Há muito ainda para ser pensado e trabalhado a partir disso, já que não se pode deixar de questionar e contemporaneizar a psicanálise. E que bom ver Instituições envolvidas com o estudo de um tema que atravessa diretamente questões tão amplas, ver psicanalistas comprometidos a seguir reinventando o que não pode ser estático.  


Referências Bibliográficas:

ALTOE, Sônia., LIMA, Marcia Mello.(2005). Psicanálise, clínica e instituição. Ambiciosos: RJ.

BROIDE, Jorge; BROIDE, Emília Estivalet. O atendimento em situações sociais críticas: a construção de um método baseado nas ancoragens do sujeito. In: A psicanálise em situações sociais críticas: metodologia clínica e intervenções. São Paulo: Escuta, 2015.   

BUTLER, Judith. (2015).

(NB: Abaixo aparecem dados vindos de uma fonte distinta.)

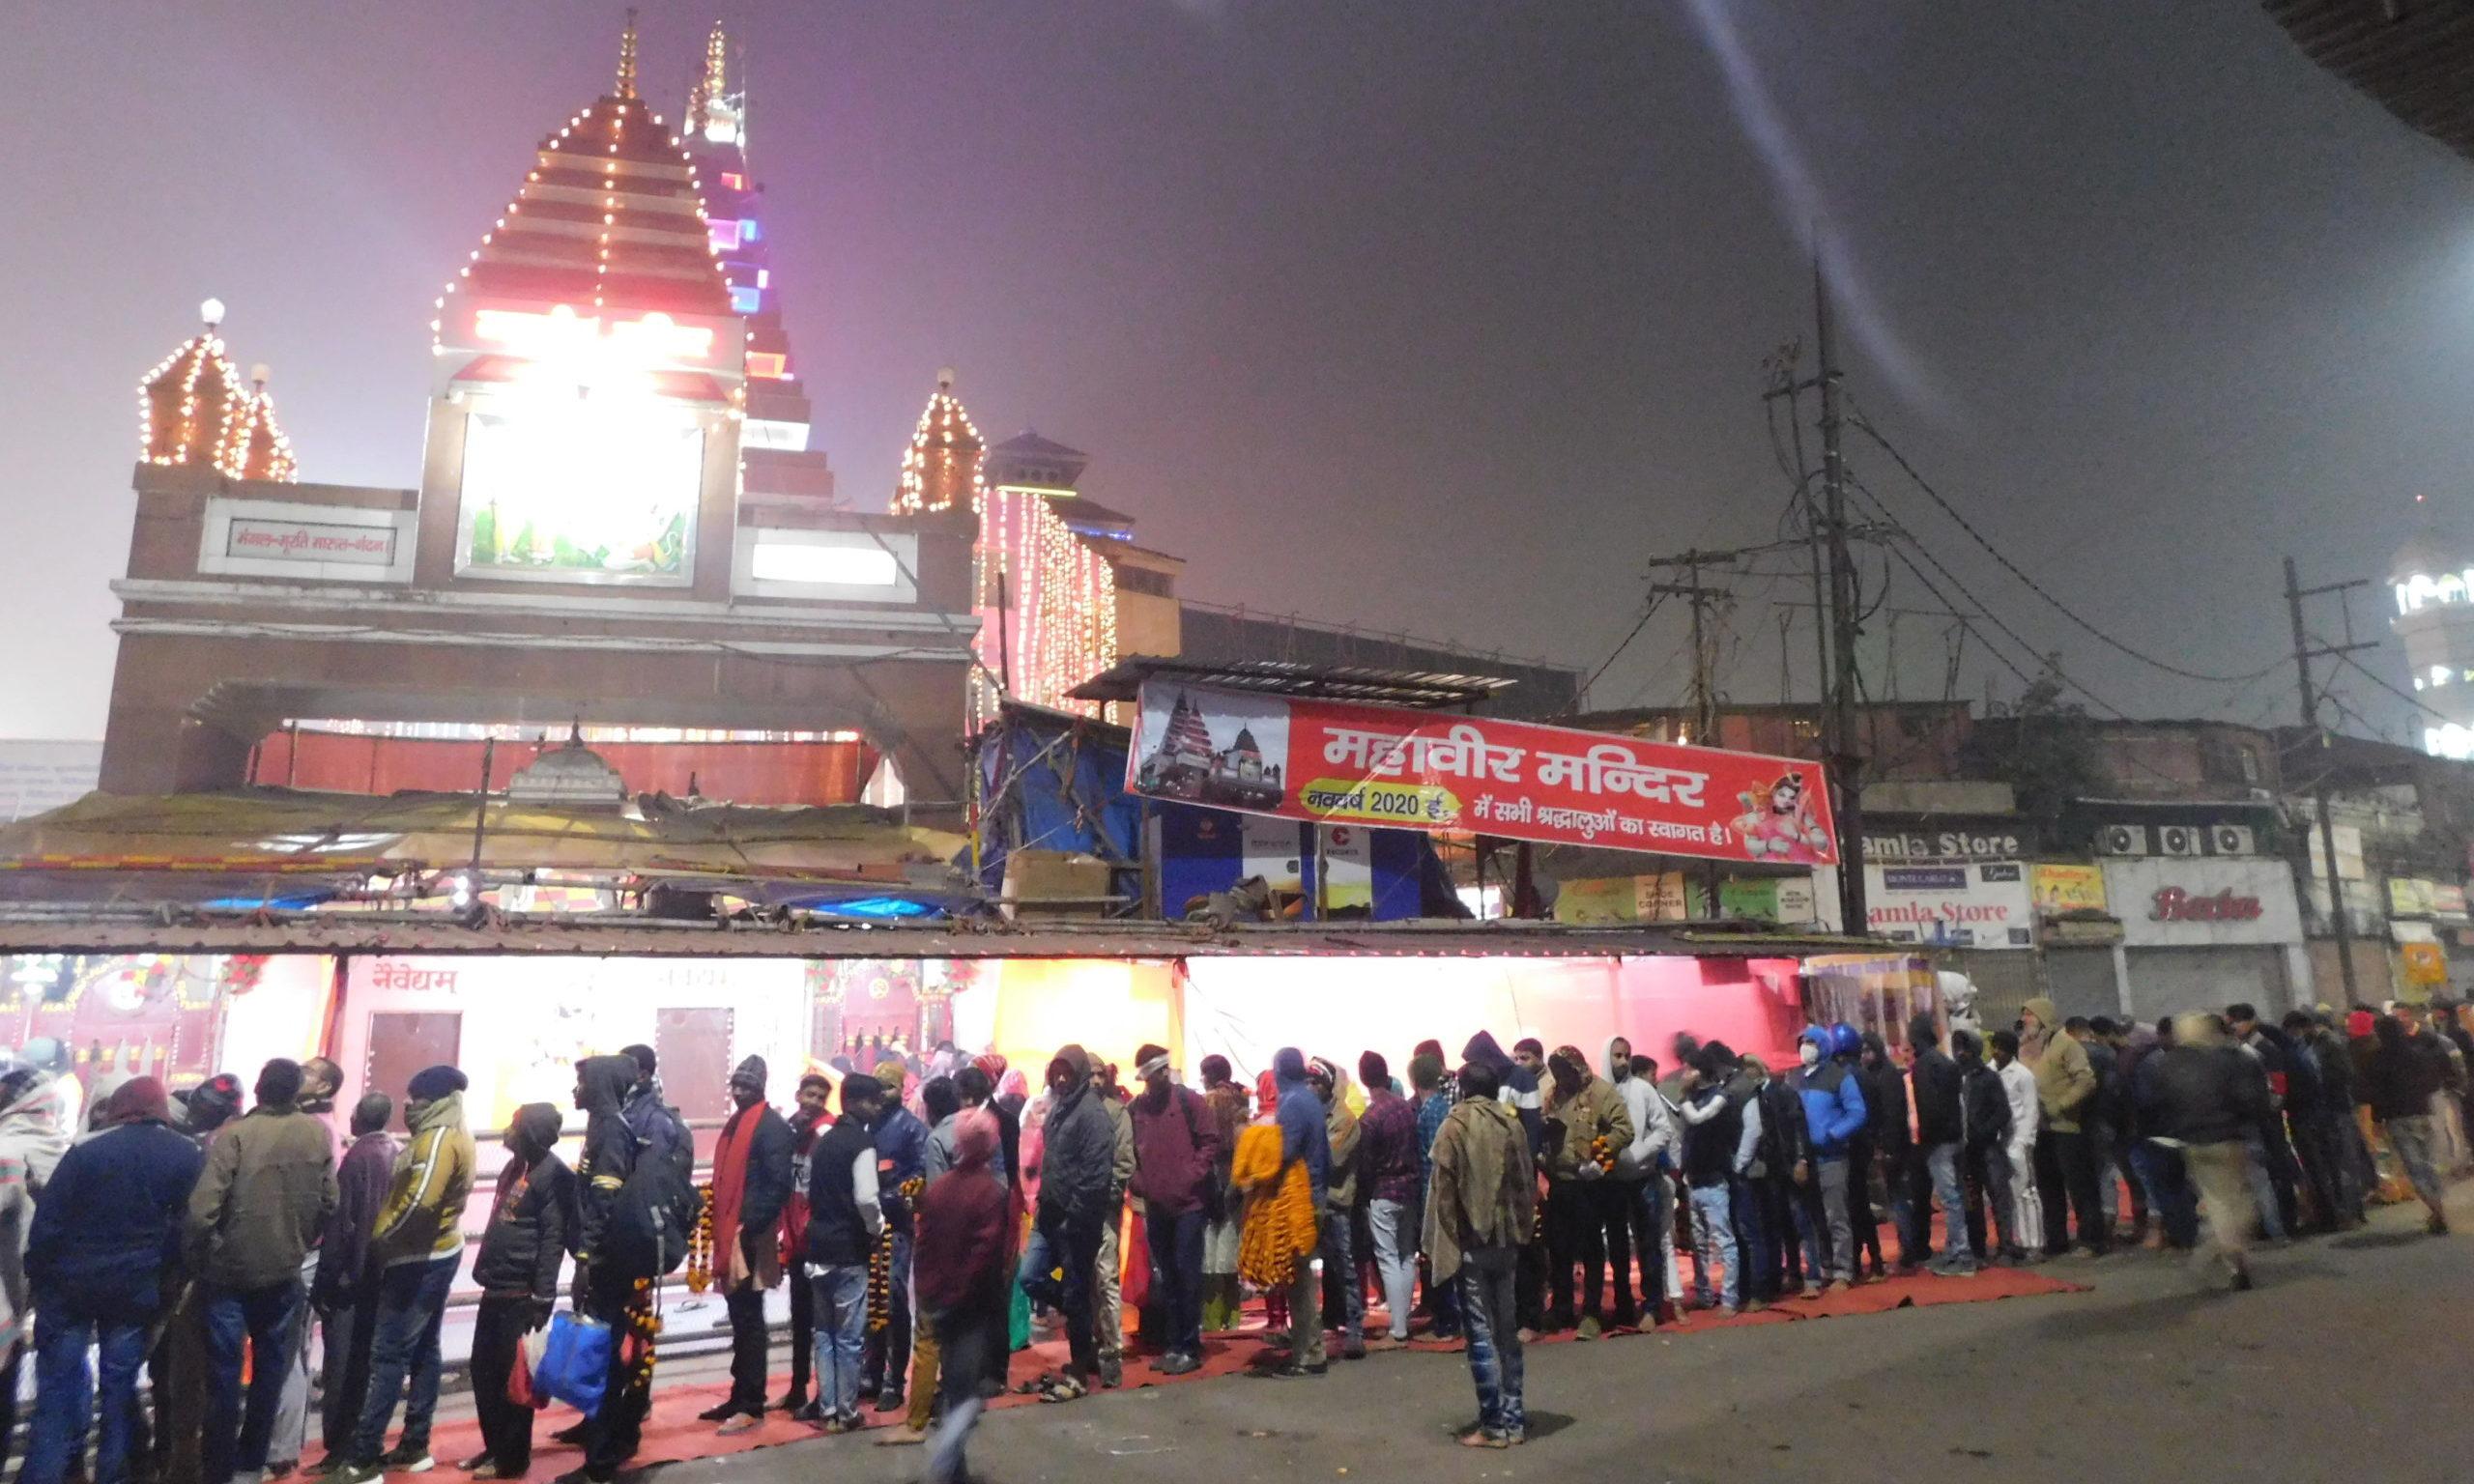 राजधानी में आज यहां मनाएं नए साल का जश्न, हनुमान मंदिर में सुबह पांच बजे से लगी कतार

Quadros de guerra: quando a vida é passível de luto. Rio de Janeiro: Civilização Brasileira. 

CHAUI, Marilena de Souza (2016). Ideologia e educação. Educação e Pesquisa, vol. 42, n.1, p.245-257.

BRAH, Avtar. (2006). Diferença, diversidade, diferenciação. Cadernos Pagu, 26, 329-376.

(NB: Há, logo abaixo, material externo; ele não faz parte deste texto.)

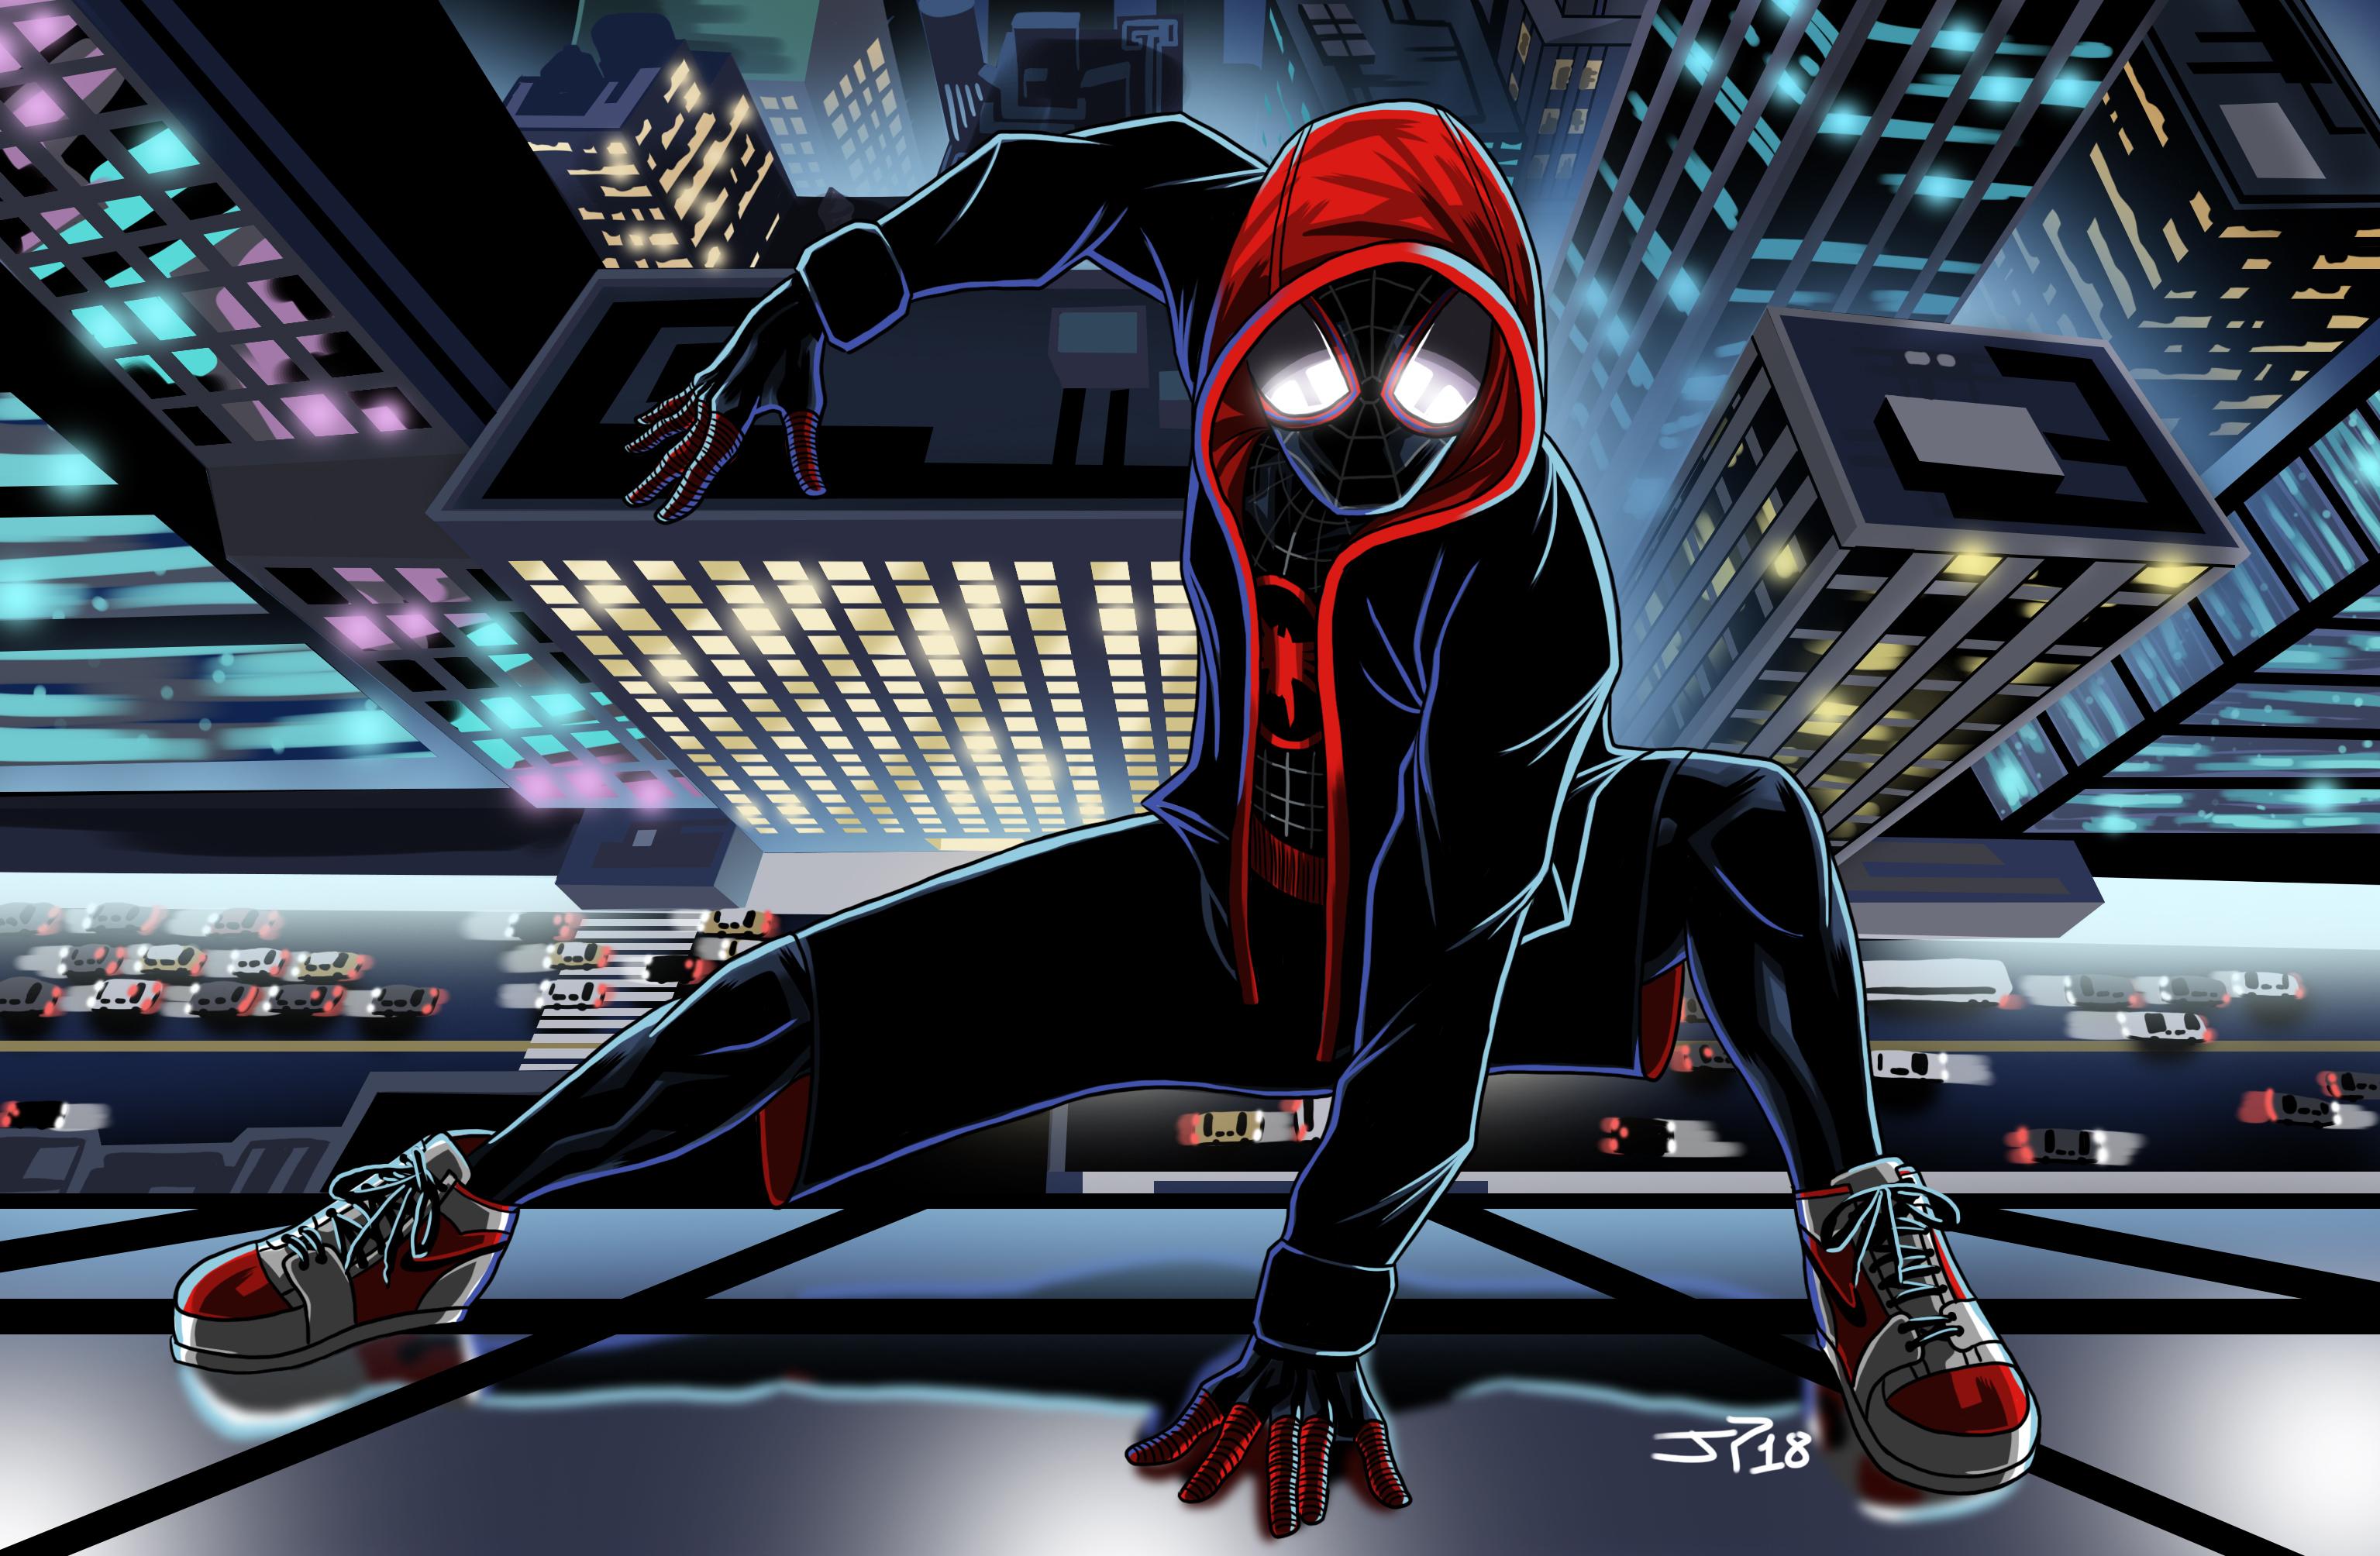 2048x1152 SpiderMan Into The Spider Verse Movie Art

ELIA, Luciano (2011). Inconsciente e cidade. Psicanálise e intervenções sociais. Porto Alegre: APPOA. 

FIGUEIREDO, Ana Cristina (2011). Psicanálise e atenção psicossocial: clínica e intervenção no cotidiano. Psicanálise e intervenções sociais. Porto Alegre: APPOA. 

ROSA, Miriam Debieux., VICENTIN, Maria Cristina. (2010). Os intratáveis: o eixo do adolescente do laço social pelas noções de periculosidade e irrecuperabilidade. Revista de Psicologia Política, vol. 10, n. 19, 1-18.

SUSIN, Luciane; POLI, Maria Cristina. O singular na assistência social: do usuário ao sujeito. In: CRUZ, L.R & GUARESCHI, N. (Orgs.), O psicólogo e as políticas públicas de assistência social. Petrópolis:Vozes, 2012.